As we mentioned earlier in this chapter, DuckDB’s SQL dialect comes with a range of enhancements that extend traditional SQL syntax, with an eye toward a more user-friendly experience. One of these enhancements is the ability to omit the SELECT
clause from a SELECT
statement when returning all columns. This means that the query we just ran could be replaced with the following functionally identical and more concise query:
FROM foods;
When we created the foods
table, we set a primary key on the food_name
column. This instructs DuckDB to enforce the constraint that values in this column must be unique across all rows in the table.
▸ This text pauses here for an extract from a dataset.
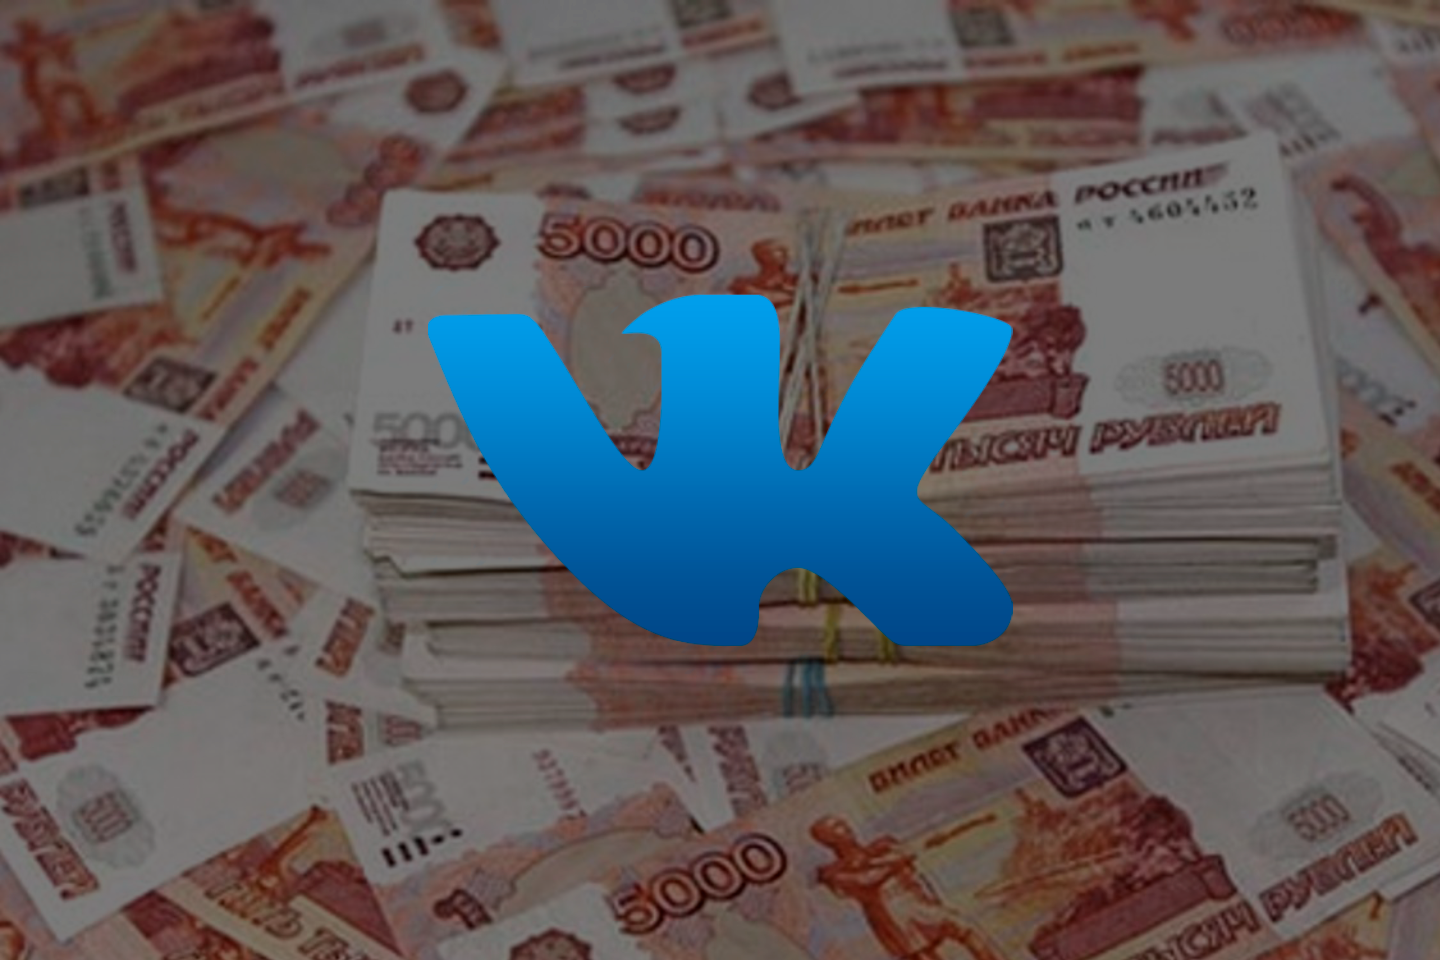 Есть ли во Вконтакте богатая аудитория?

With this PRIMARY KEY
constraint defined on our table, we have ensured that there is no duplication of food items in the table. We can see this constraint in action by trying to add an extra record with the name 'apple'
again, but this time 'green'
in color:
INSERT INTO foods (food_name, color, calories, is_healthy) VALUES ('apple', 'green', 100, true); Error: Constraint Error: Duplicate key "food_name: apple" violates primary key constraint. If this is an unexpected constraint violation please double check with the known index limitations section in our documentation (https://duckdb.org/docs/sql/indexes).
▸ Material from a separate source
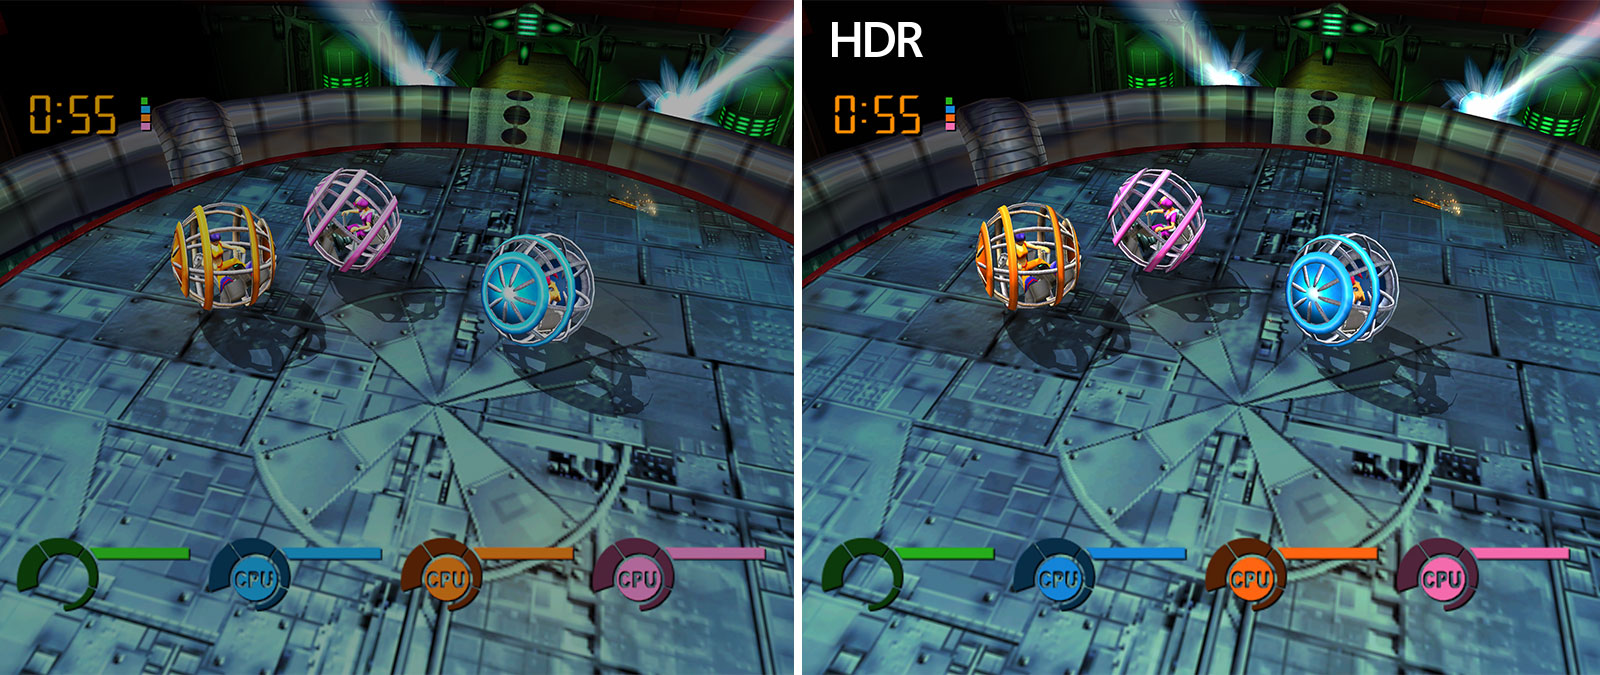 Összehasonlító képernyőképek a Fusion Frenzy játékból; a két kép egyikének jobb a fényereje az Automatikus HDR funkciónak köszönhetően

This error indicates our insert failed, as we expected should happen. Let’s check we have only the single original red apple by querying the table again. This time, we’ll restrict the SELECT
clause to only retrieve values from the food_name
and color
columns, which are the values we need to check. We’ll also use a WHERE
clause to apply a filter to our query so that it only returns records with a food_name
value of 'apple'
:
SELECT food_name, color FROM foods WHERE food_name = 'apple';
This query returns a single result, as we expected:
┌───────────┬─────────┐ │ food_name │ color │ │ varchar │ varchar │ ├───────────┼─────────┤ │ apple │ red │ └───────────┴─────────┘
Now, if we did want to change the color of the existing apple
record, we could achieve this by modifying the value of its color
field using the UPDATE
statement. The following statement shows how we can do this:
UPDATE foods SET color = 'green' WHERE food_name = 'apple';
Note the use of the WHERE
clause to specify the condition that must be met for the rows to be updated. Because of this filter, our update is only applied to records where food_name
has the value 'apple'
.
Let’s verify for ourselves that the existing apple
record has had its color updated successfully by running the previous SELECT
statement again:
SELECT food_name, color FROM foods WHERE food_name = 'apple';
This time, we see our green apple:
┌───────────┬─────────┐ │ food_name │ color │ │ varchar │ varchar │ ├───────────┼─────────┤ │ apple │ green │ └───────────┴─────────┘
Lastly, another one of DuckDB’s SQL dialect enhancements is that when constructing a SELECT
statement, the FROM
clause can be placed before the SELECT
clause. This enables queries to follow a more natural sequence, with the data source being queried placed up front, before data-source-specific components of the query, such as columns to be retrieved and column filters to be applied. Using this SQL enhancement, the query that we just ran can be rewritten as follows:
FROM foods SELECT food_name, color WHERE food_name = 'apple';
This brings us to the end of our condensed primer on some of the basics of SQL, which we’ll be assuming you’re across as we dive into exploring DuckDB’s impressive range of SQL-based analytical capabilities. If you’re newer to working with SQL, and you feel like you could benefit from a more comprehensive introduction to SQL to pair with this book, you could consider reading Packt Publishing’s Learn SQL Database Programming by Josephine Bush. It’s also worth noting that, in the examples we’ve just worked through, we’ve only been working with individual records, as opposed to analytical operations over columns containing many records. As we work through the book, we will explore different types of SQL-defined analytical workloads and use cases that play to DuckDB’s strengths. We’ll also see ways in which you can work with DuckDB using alternative non-SQL interfaces, which may appeal to data scientists and data analysts working in Python or R in particular. By the end of the book, we think that you’ll see how DuckDB’s adoption of SQL as its core interface enables it to be an accessible, powerful, and flexible tool for managing analytical data workloads.